Background The COVID-19 pandemic has placed an inexorable strain on endoscopy services worldwide, affecting the diagnosis of oesophago-gastric (OG) cancer and Barrett’s oesophagus (BO). As coronavirus infection rates rose many professional bodies advised that all endoscopy, except emergency and essential procedures be stopped immediately. We sought to quantify the decline in OG cancer and BO diagnoses following implementation of British Society of Gastroenterology (BSG) guidance related to COVID-19 and the psychosocial effects on BO patients. Methods We examined OG cancer and BO diagnoses in Northern Ireland from March-September 2020 and compared them with the three-year average number of patients during the same time period (corresponding to weeks 10-37) between 2017-2019 by utilising Northern Ireland Cancer Registry (NICR) data. The psychosocial impact of COVID-19 was assessed using an online survey, which included validated WHOQOL-BREF and EQ-5D-5L quality of life measures, and was completed by 24 BO patients from April-May 2020. Results Between March and September 2020 in Northern Ireland, the proportion of OG cancer and BO diagnoses declined by 26.6% and 59.3%, respectively, compared to expected levels. In April, BO diagnoses fell by 95.5% but by September, whilst OG cancer rates had returned to baseline, BO cases remained supressed by approximately 20%. We estimate that these declines in diagnosis represent 53 ‘missed’ OG cancer and 236 ‘missed’ BO diagnoses.
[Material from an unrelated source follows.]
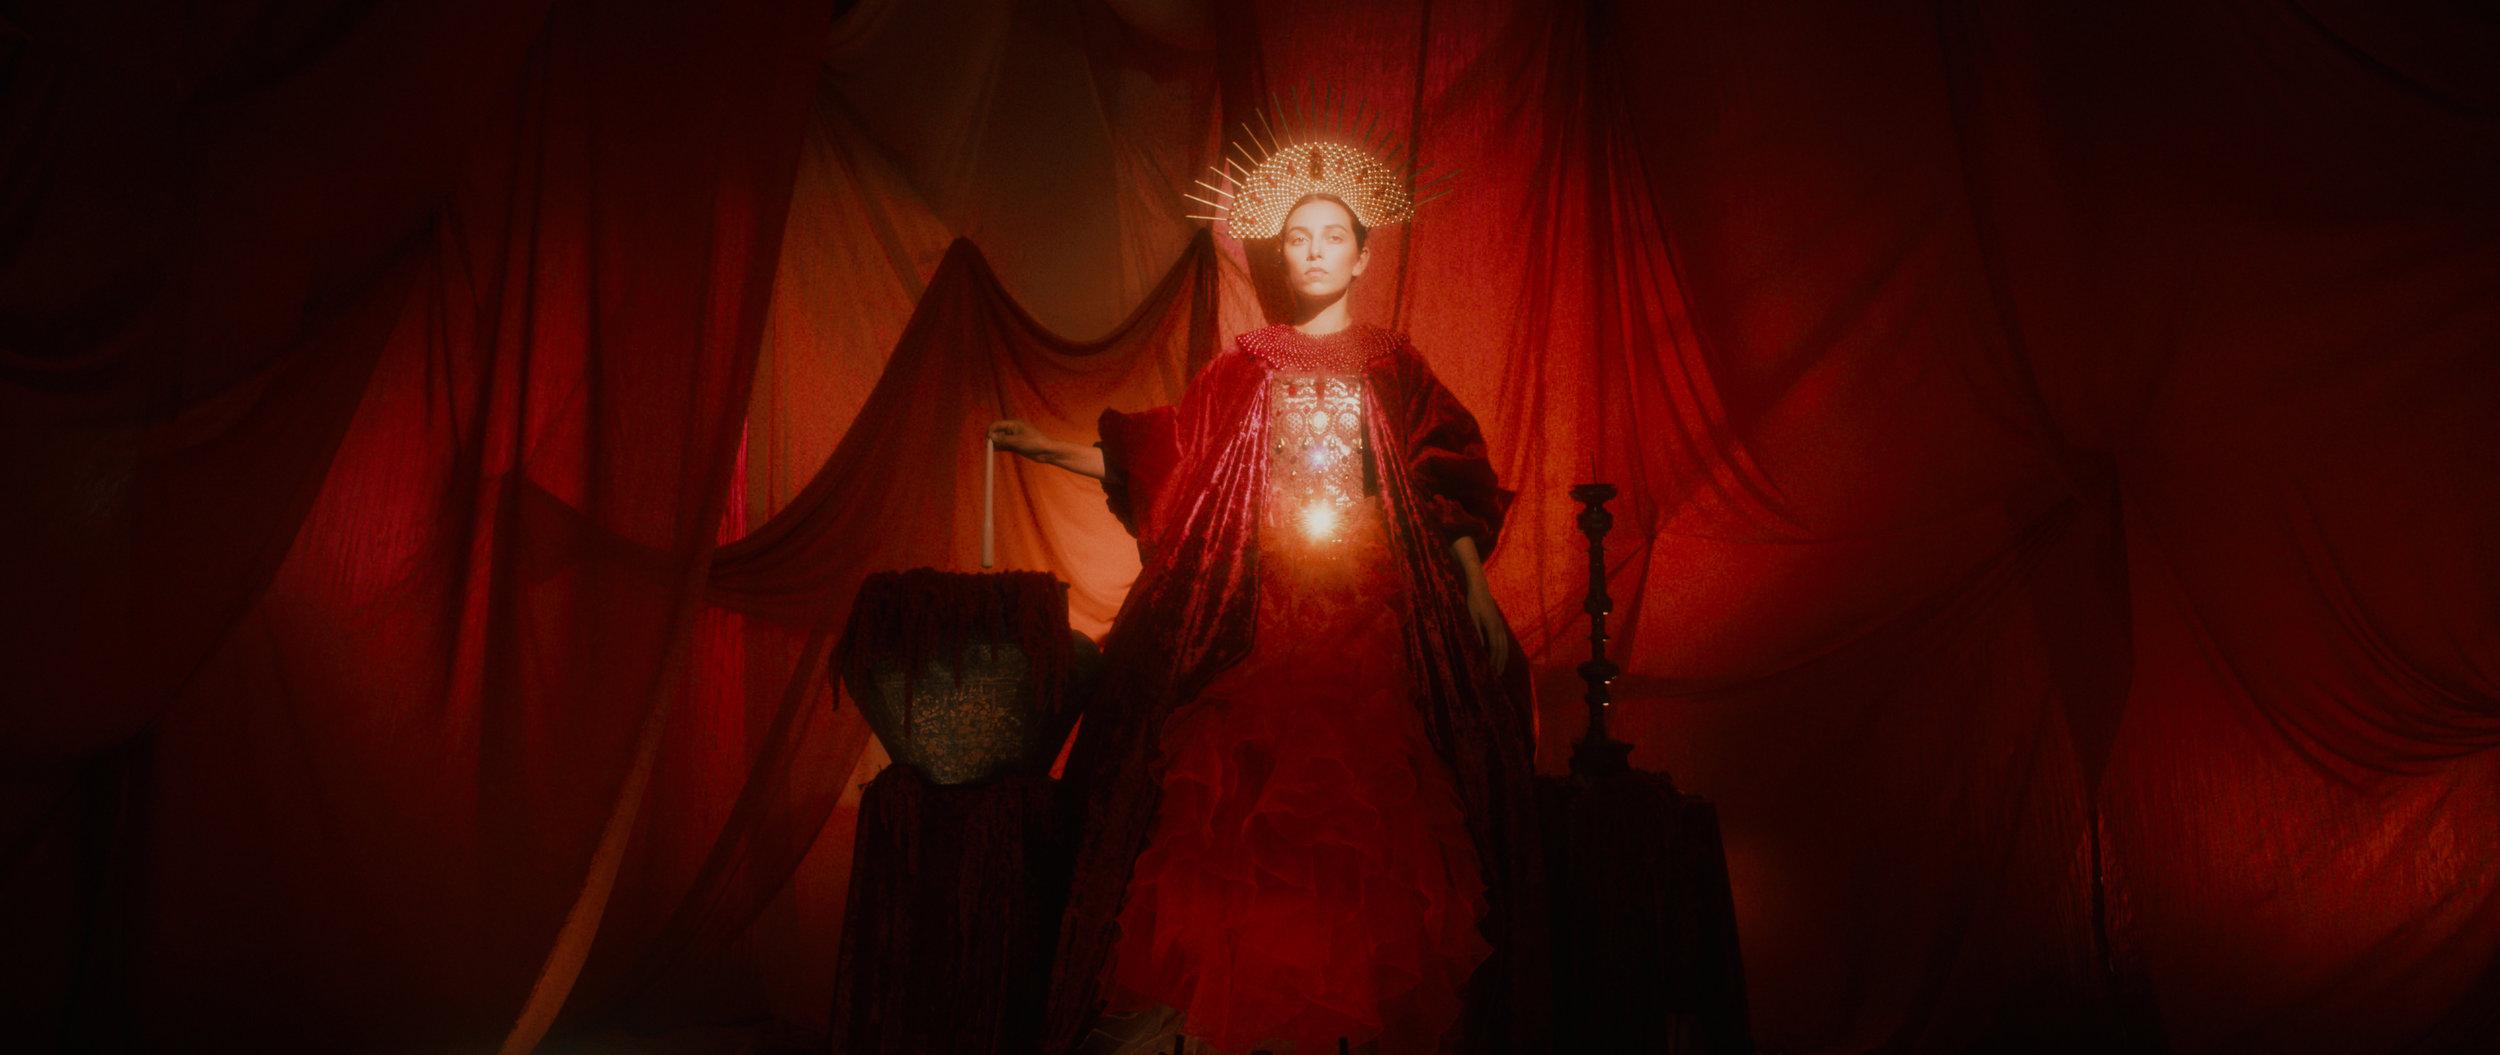 Rachel Day as the Virgin Mary

In the online survey sample, BO patients reported consistently lower quality of life scores than population norms, and highlighted a number of concerns with regard to their health and care. Conclusions The COVID-19 pandemic has resulted in an abrupt decline in OG cancer and BO diagnoses and has profoundly impacted the wellbeing of BO patients. Our study represents the first report of the impact of COVID-19 on the diagnosis of BO. Strategies to mitigate the ongoing effects of the pandemic are urgently required to preserve the ability to rapidly detect and diagnose cancer and pre-malignant conditions.